Florian Sauerbeck: In addition to the closed-loop simulation we did before with limited reality and sensor data. It also allowed us to do some kind of open-loop data replay with our software. But therefore we got the actual data from the actual racecourse.

Roland Meertens: So that way you can match the simulation with the actual event. Is that correct?

Sebastian Huch: Yeah, exactly. So this was one point so that once we got the real data, we could also adjust our simulation and adjust the sensor models of the simulation, adjusting the noise models of or LiDAR sensors. But also we could use the real data to adjust. For example, we used the neural network for the object detection of the other race cars. And here we could just use the data to train this neural network.

Joe Speed: I have a theory, but... Florian, Sebastian, tell me if I'm right or crazy. Object detection is important, but object classification is not because if there is an object, it is a race car.

Sebastian Huch: Exactly.

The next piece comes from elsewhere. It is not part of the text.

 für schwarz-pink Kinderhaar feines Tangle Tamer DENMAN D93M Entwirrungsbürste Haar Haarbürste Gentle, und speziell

And then we also had this object evasion competition at the end of the high speed runs. And here there was only one object. There were only those kind of pylons on the track. So the classification was not important for us. So once there was an object, we knew, okay, we have to evade this object. We have to drive around this object and we don't care if this is a car or if this is a pylon, we just don't have to move into this object.

Joe Speed: So these pylons, there were these giant inflatables that they put out in the racetrack. So the car has to evade around these big inflatables. They put out their blocking lanes.

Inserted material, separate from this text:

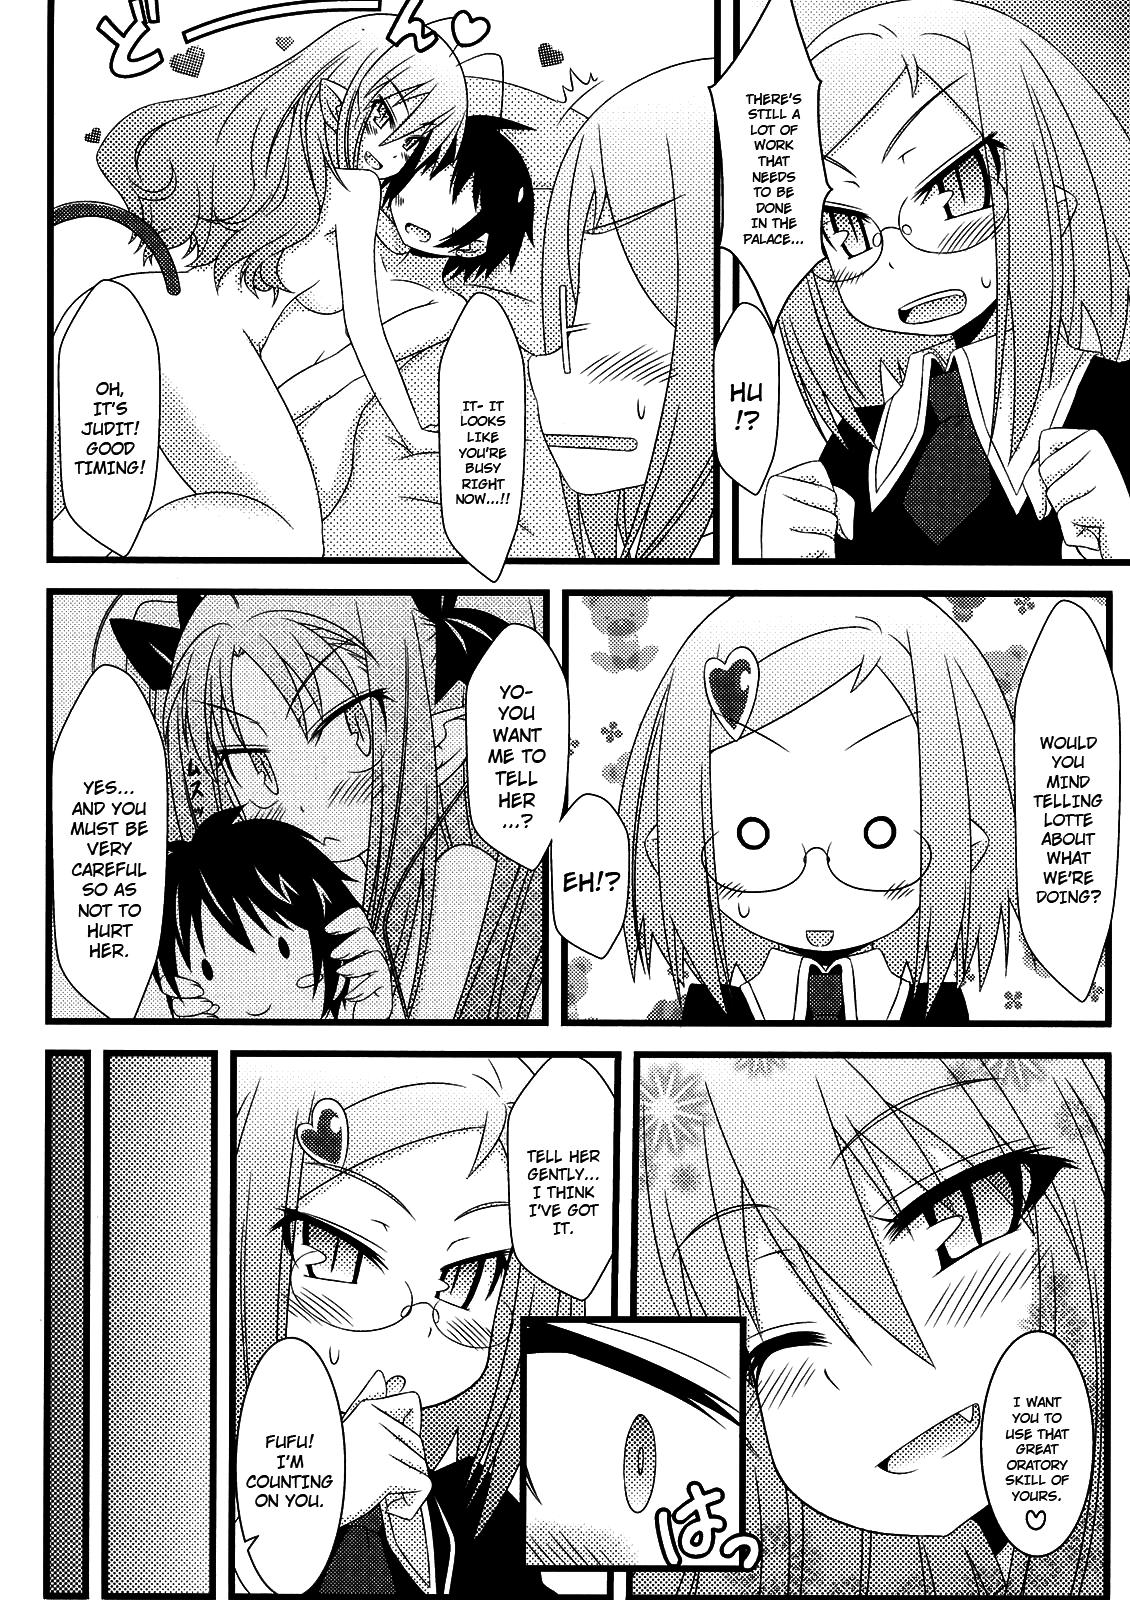 Casada Hajimete no Omocha! - Lotte no omocha Desi - Page 11

Testing in the real world [20:45]

Roland Meertens: And then what kind of approach do you take? Do you just take a normal deep neural network based on vision or how do you train this? Where do you get your training data?

Sebastian Huch: We used the neural network, which was based on the LiDAR data on the point clouds. And we used this only for the object detection of the other cars, not for the pylons. In this case, we used the normal clustering algorithm. But then for the object detection of the other race with the neural network, we started an initial training with the data that we generated in our simulation here. So those were those kind of perfect point clouds. We implemented some very simple noise models here, but they were still pretty perfect those point clouds. We used those as an initial training and then once we had some good results in a simulation, we tried to use the state of this neural network and used it on the real point clouds that we recorded before with the rosbags. And then once the neural network detected something there, we could use those detections, fine tune them manually and then use those new generated labels and point clouds as a new base for our new data set. This was kind of a iterative process. So we did many, many loops here.

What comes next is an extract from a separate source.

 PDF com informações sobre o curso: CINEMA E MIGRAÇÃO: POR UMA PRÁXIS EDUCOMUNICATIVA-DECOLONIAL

Joe Speed: There were some learnings here too. So with LIDAR, they published what is the range for different conditions and things and reflectivity. And I had pointed out to Clemson and IAC over a year ago that LIDARs don't like flat black, because black absorbs. And they're like, "Oh that's interesting." I say, "Yeah, you should use something bright, reflective." But the IAC folks, I think state of Indiana, they love... The car it looks like it's Darth Vader's race car.

It looks like the Batmobile with all this carbon and black and it looks amazing. And I was like, "Yeah, but LIDAR doesn't like that." And so what they finally realized when they started doing testing is there's couple issues. So one is they were flat black. But the other is, if you see these race cars, they're basically shaped like a stealth fighter. So stealth fighters are designed to not reflect, so there's no flat surfaces facing the sensor. And it's for different reasons. So stealth fighter do it for evasion. The race car does it for aerodynamics, but it gives you the same result. So that's why you saw one day that all the cars change from black to highly reflective white.

Roland Meertens: So you were basically always driving under the radar literally.So one other thing I saw was that you actually had a spin out during testing, leading up to a race, right?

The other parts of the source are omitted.